Blödsinn. Gerichtsvollzieher übernehmen die staatliche Vollstreckung privater Titel nach der ZPO - und hier: § 704 ZPO steht ziemlich eindeutig, dass da ohne Titel nix läuft.



			
				Anonymous schrieb:
			
		

> Mein Anwalt würd sich über Info´s diesbezüglich freuen!


Klar, wenn die oben stehende Info von diesem stammt, braucht der auch Hilfe!


----------



## KatzenHai (28 Dezember 2004)

Anonymous schrieb:
			
		

> Hallo,
> 
> entweder hab ich mich falsch ausgedrückt oder zu kompliziert geschrieben.
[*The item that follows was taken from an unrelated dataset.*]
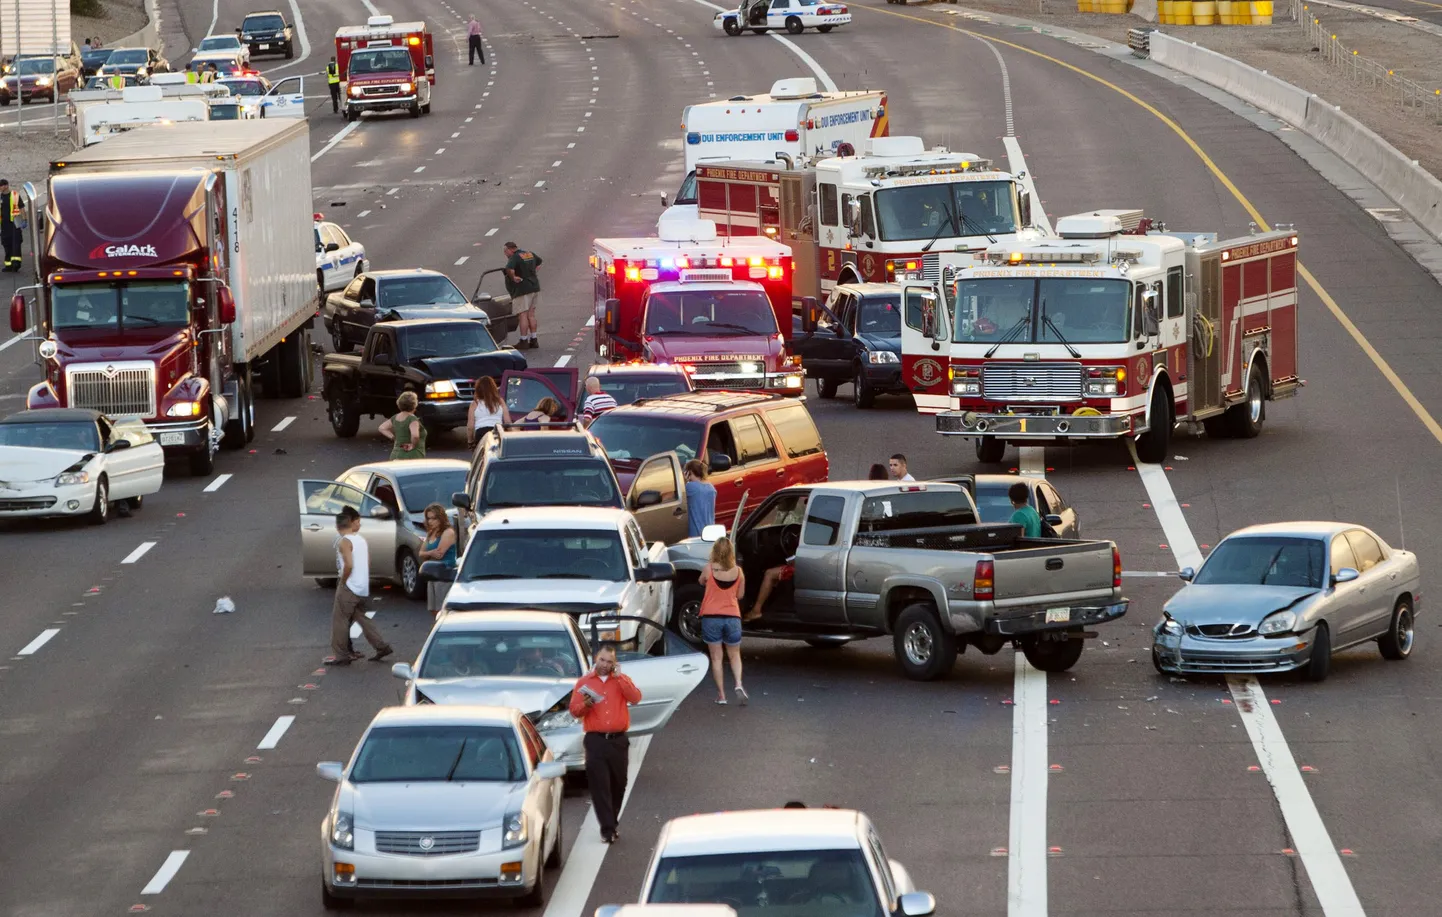 Часть машин, столкнувшихся в крупном ДТП на шоссе в американском штате Аризона 28 августа 2010.

Nein, der Inhalt ist rechtlich falsch.



			
				Anonymous schrieb:
			
		

> Lt. aussage von meinem Anwalt gibt es eine bestimmte Frist wo man Einspruch gegen diese Mahnwellen einreichen kann.


Ich hätte gerne mal per PN die Mitteilung, in welchem Gesetz oder Urteil das steht. Vorab die Gegenfrage: Wozu soll Verjährung geregelt sein, wenn nicht zum abschließenden Ende von Forderungen, die bis dahin nicht anders geregelt wurden?



			
				Anonymous schrieb:
			
		

> Das muß aber rechtlich abgesegnet an Bonus.net gehen, und nicht irgendein schrieb einer "Privat-Person" an diese Bonus Firma.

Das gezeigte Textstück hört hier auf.